━━ Data listing ━━
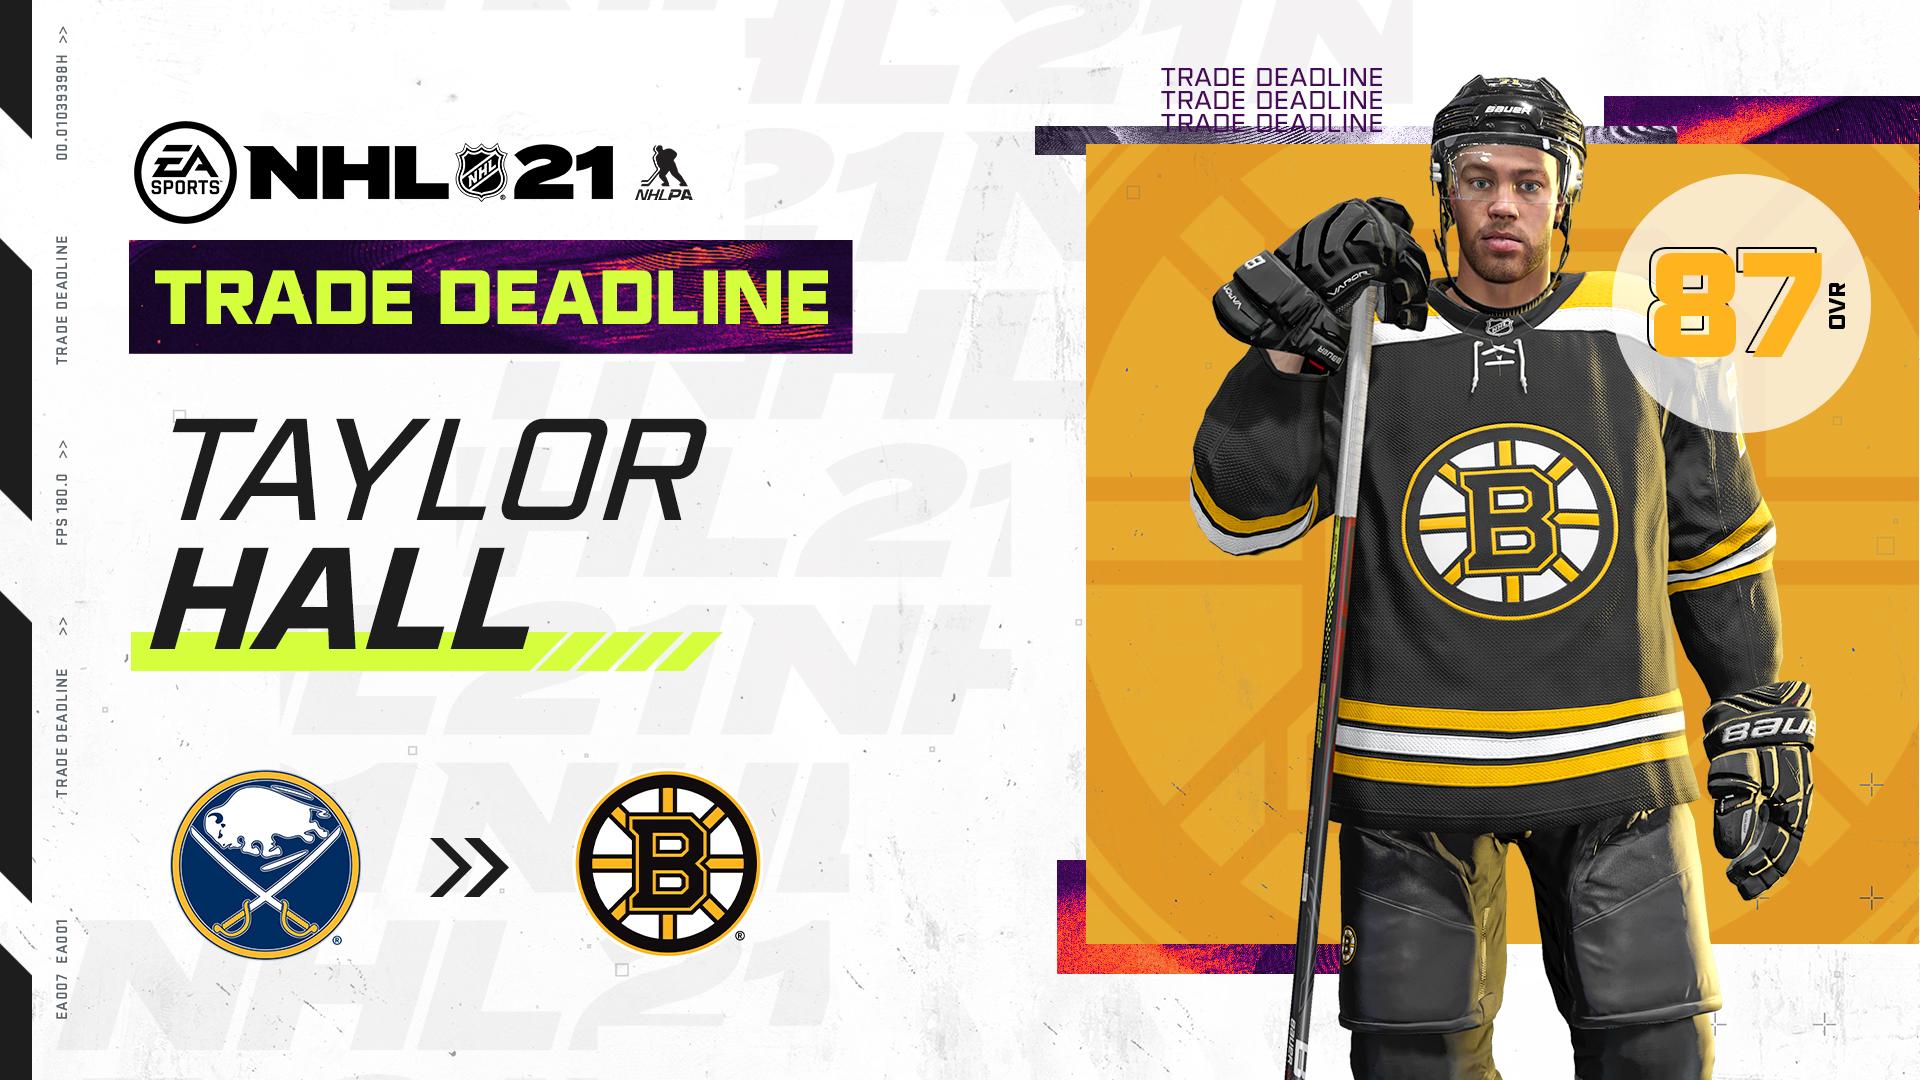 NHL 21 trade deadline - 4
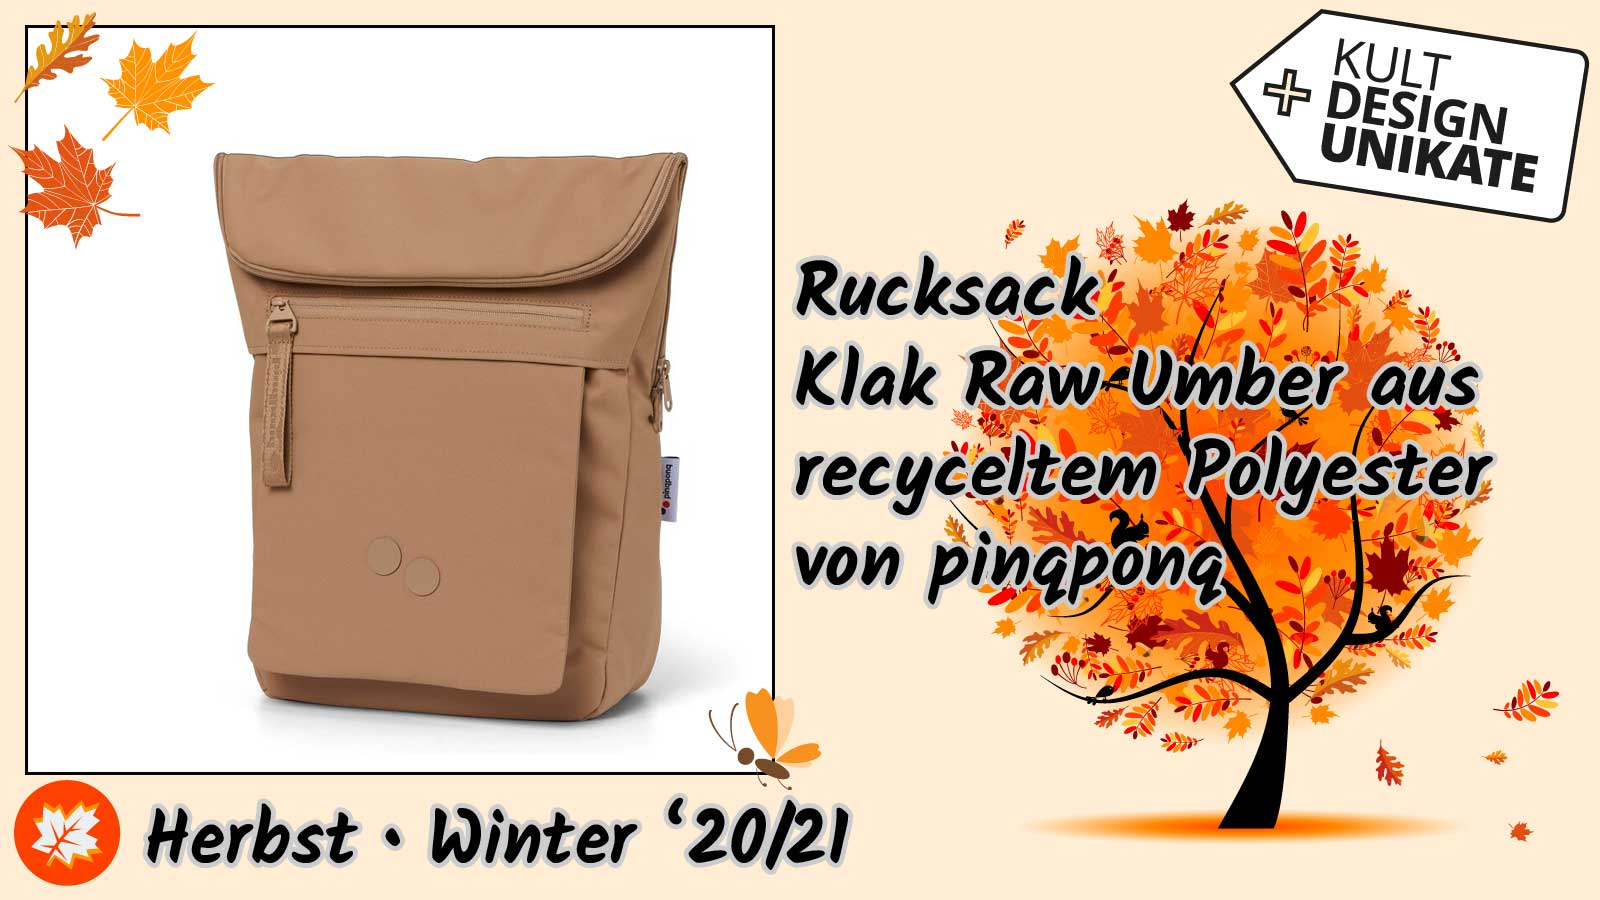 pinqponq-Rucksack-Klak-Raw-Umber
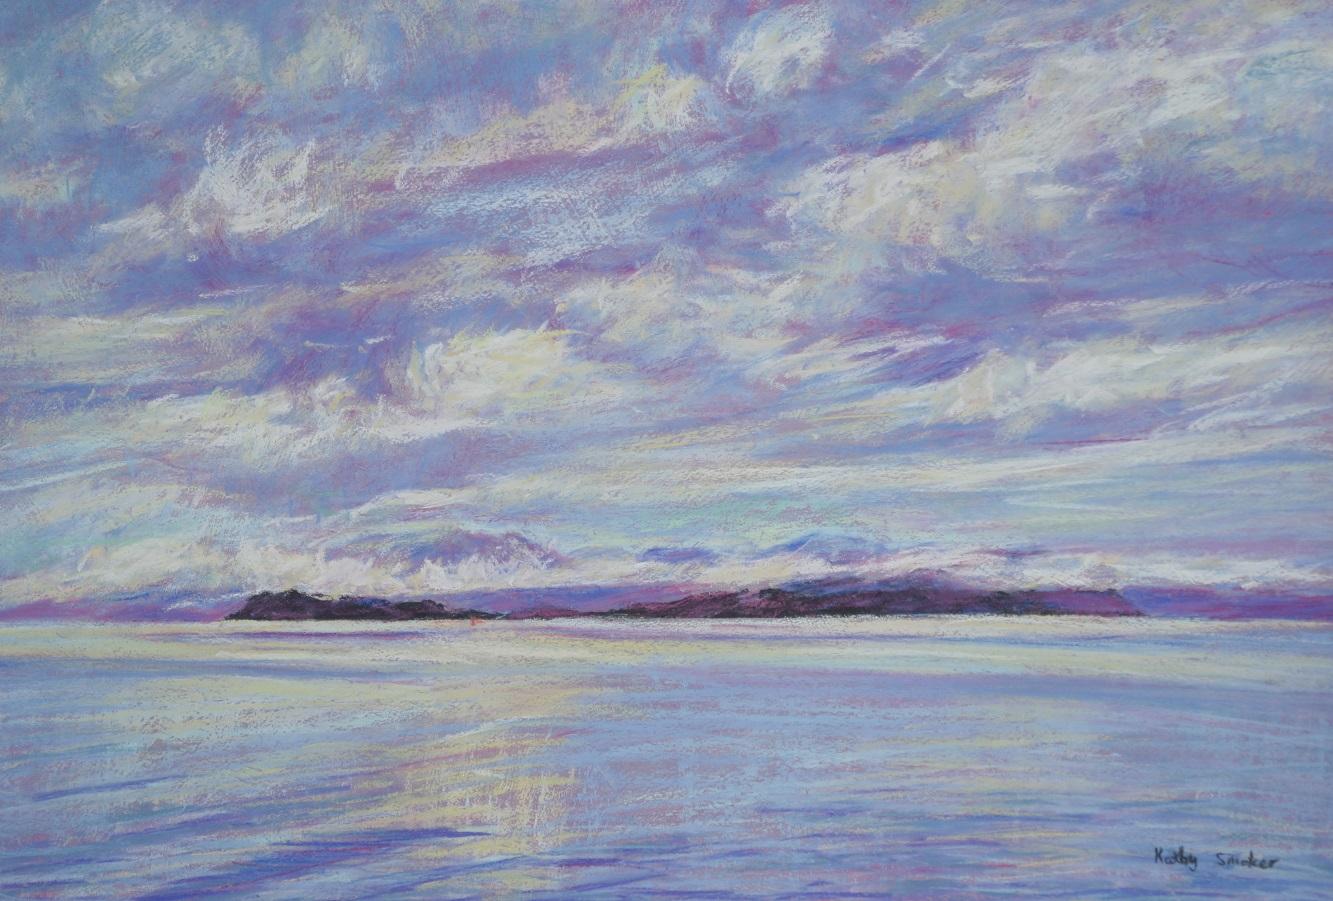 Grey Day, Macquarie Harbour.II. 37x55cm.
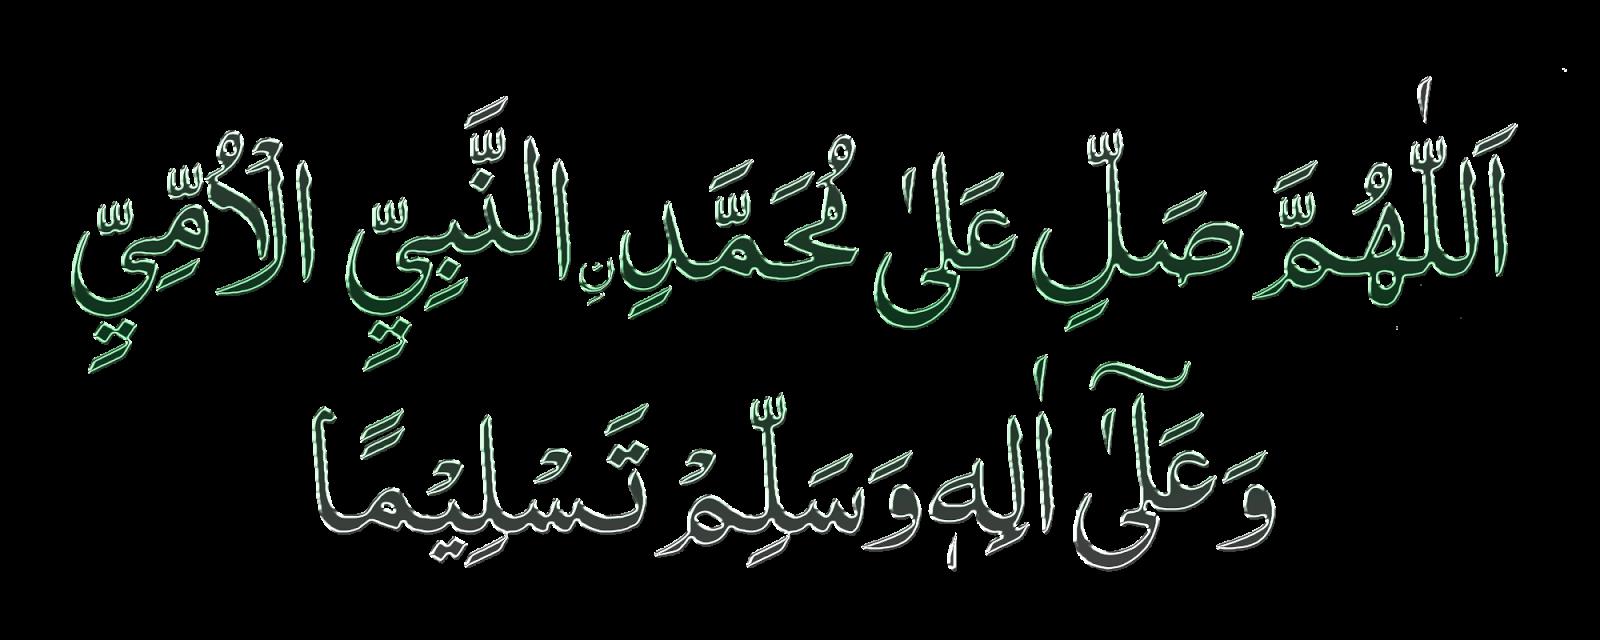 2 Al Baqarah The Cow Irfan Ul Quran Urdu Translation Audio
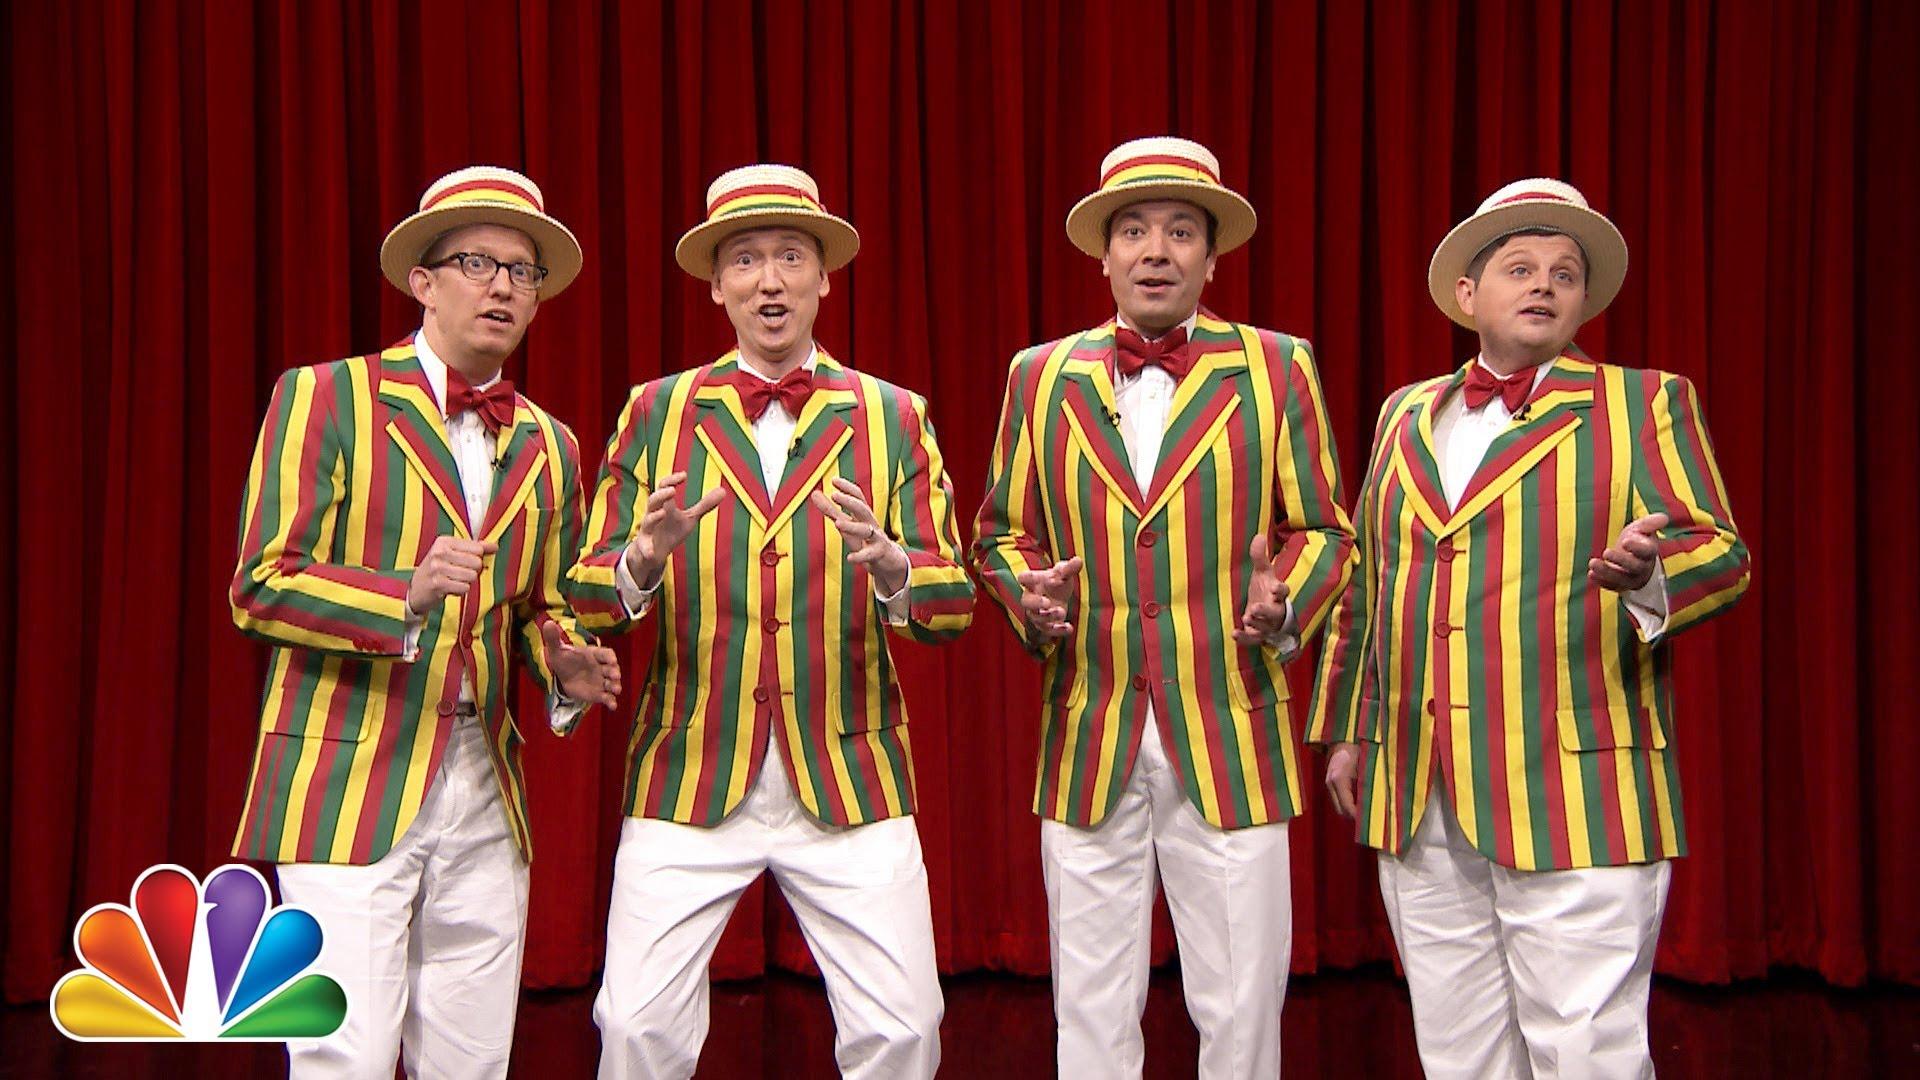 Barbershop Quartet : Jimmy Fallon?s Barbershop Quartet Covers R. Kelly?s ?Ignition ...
━━━
Task — Return the data exactly. Pictures stay out.

Answer to the exercise —
 NHL 21 trade deadline - 4
 pinqponq-Rucksack-Klak-Raw-Umber
 Grey Day, Macquarie Harbour.II. 37x55cm.
 2 Al Baqarah The Cow Irfan Ul Quran Urdu Translation Audio
 Barbershop Quartet : Jimmy Fallon?s Barbershop Quartet Covers R. Kelly?s ?Ignition ...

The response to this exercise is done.